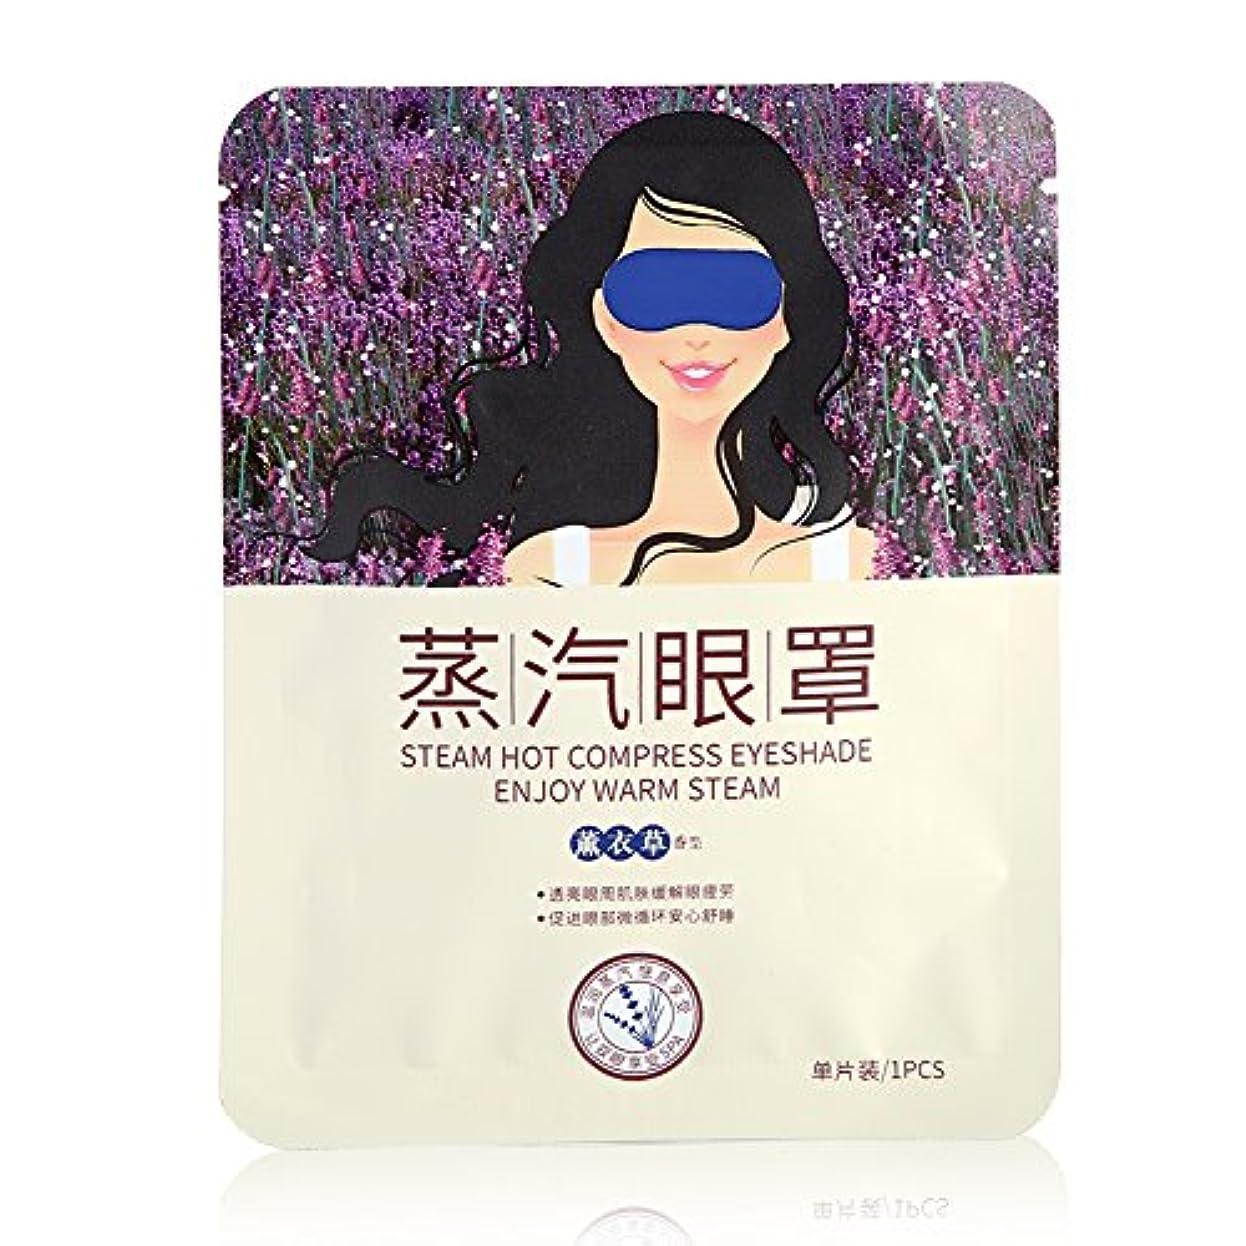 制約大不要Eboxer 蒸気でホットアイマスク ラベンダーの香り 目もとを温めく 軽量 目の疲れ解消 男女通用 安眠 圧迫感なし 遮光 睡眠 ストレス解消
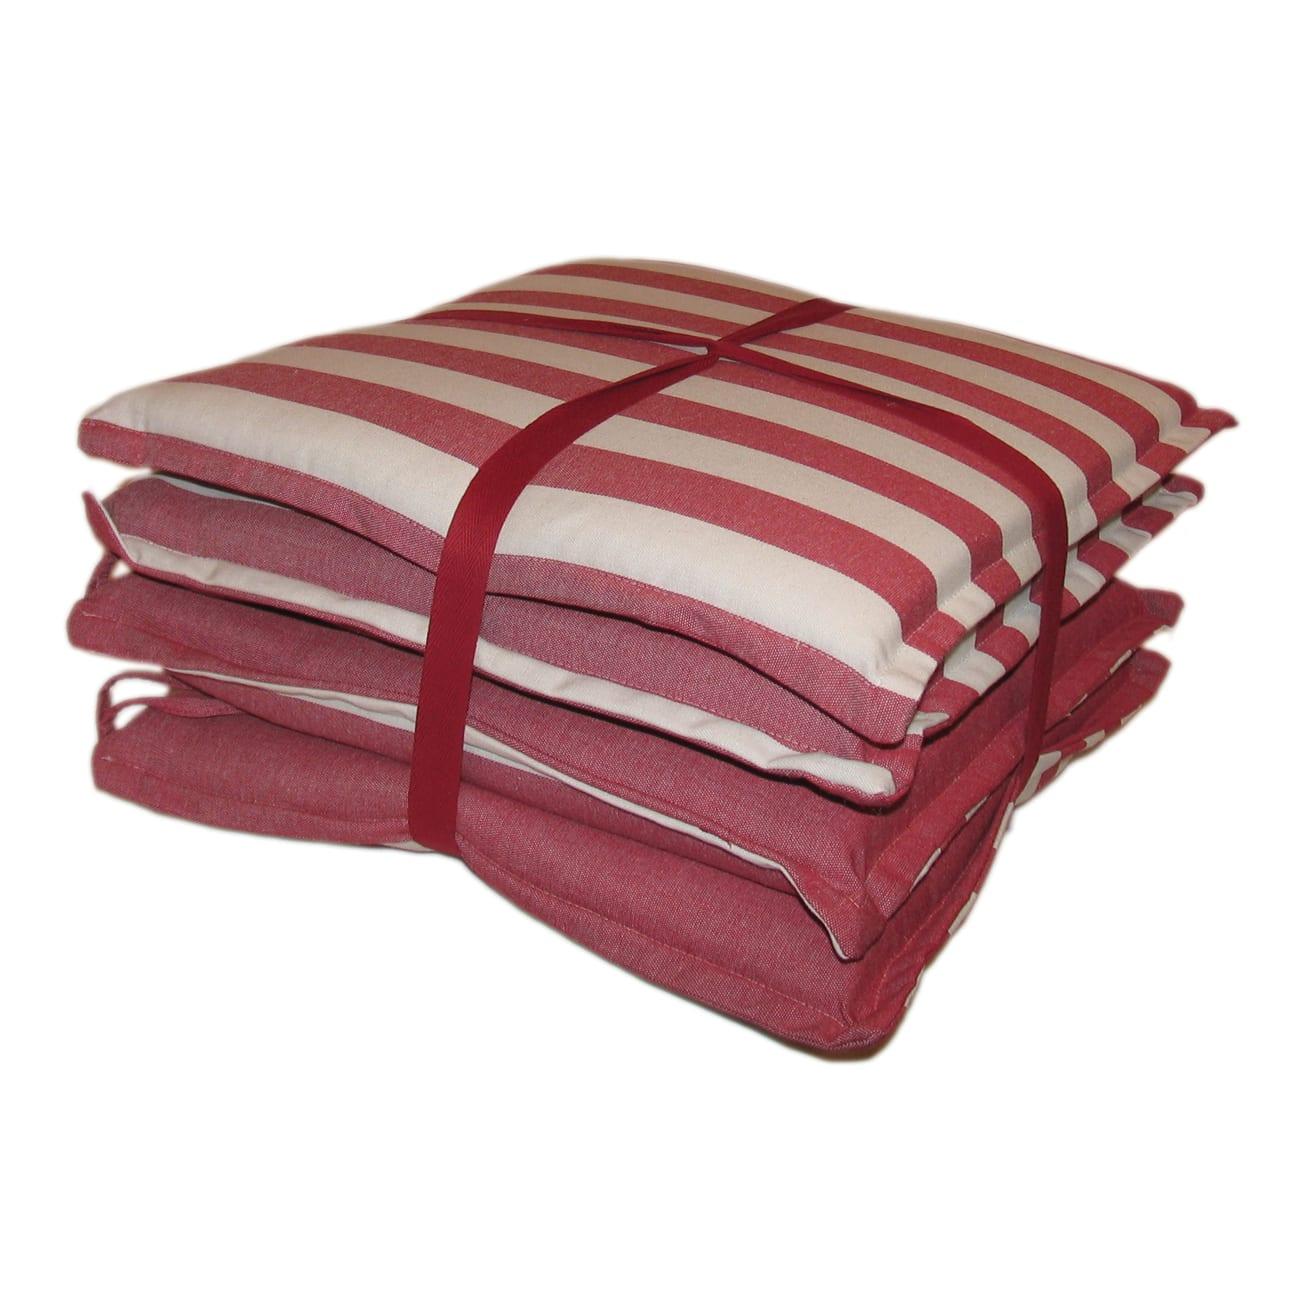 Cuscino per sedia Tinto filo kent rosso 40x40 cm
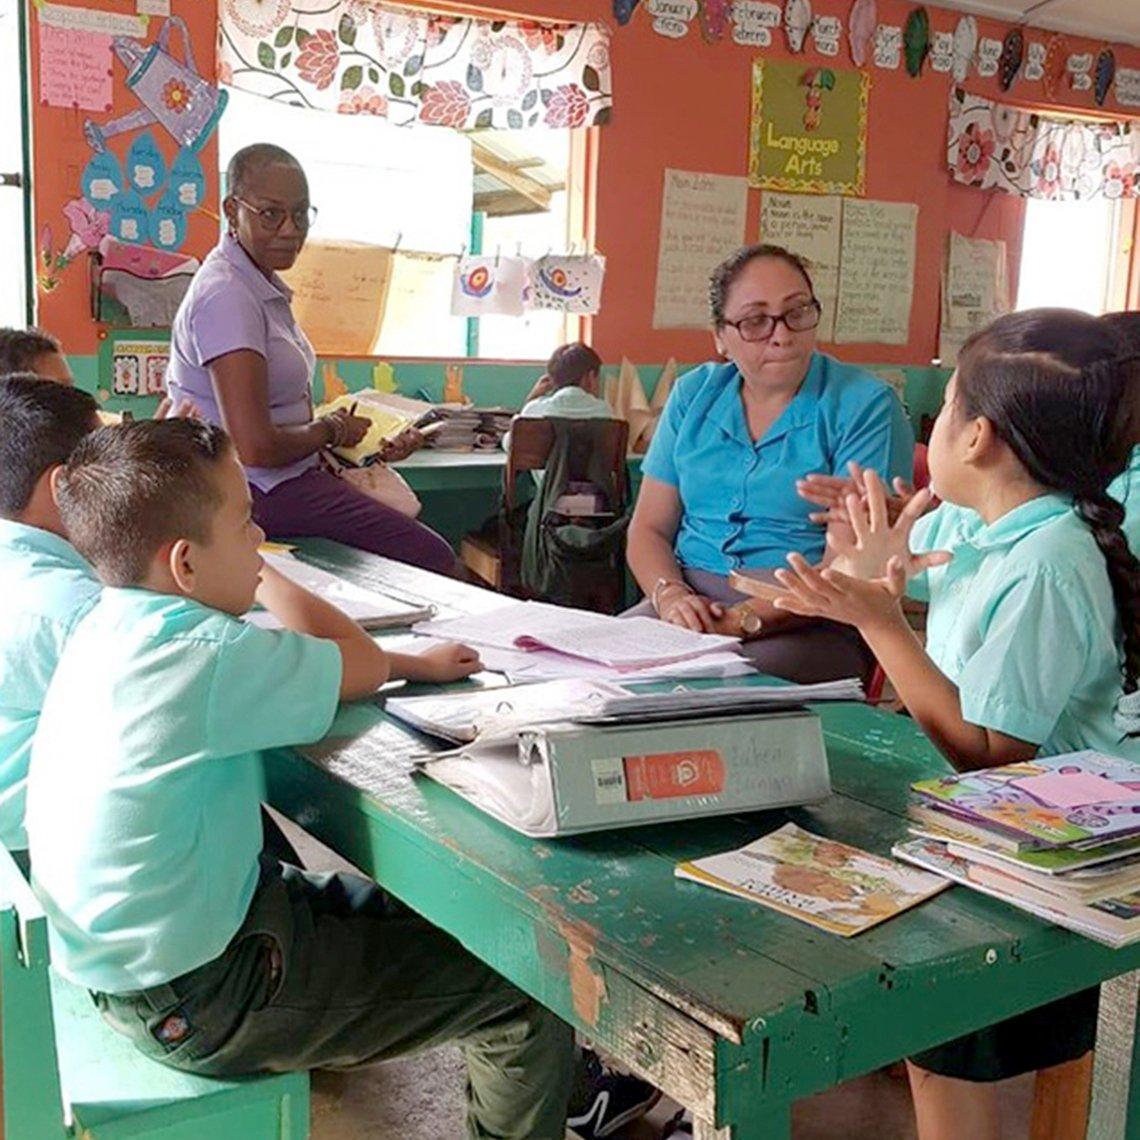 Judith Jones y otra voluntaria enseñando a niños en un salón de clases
---
== PROBLEM DETAILS ==
Copy out the whole listing exactly, and don't carry over any pictures.

== SOLVED PROBLEM ==
 制約大不要Eboxer 蒸気でホットアイマスク ラベンダーの香り 目もとを温めく 軽量 目の疲れ解消 男女通用 安眠 圧迫感なし 遮光 睡眠 ストレス解消
 Cuscino per sedia Tinto filo kent rosso 40x40 cm
 Judith Jones y otra voluntaria enseñando a niños en un salón de clases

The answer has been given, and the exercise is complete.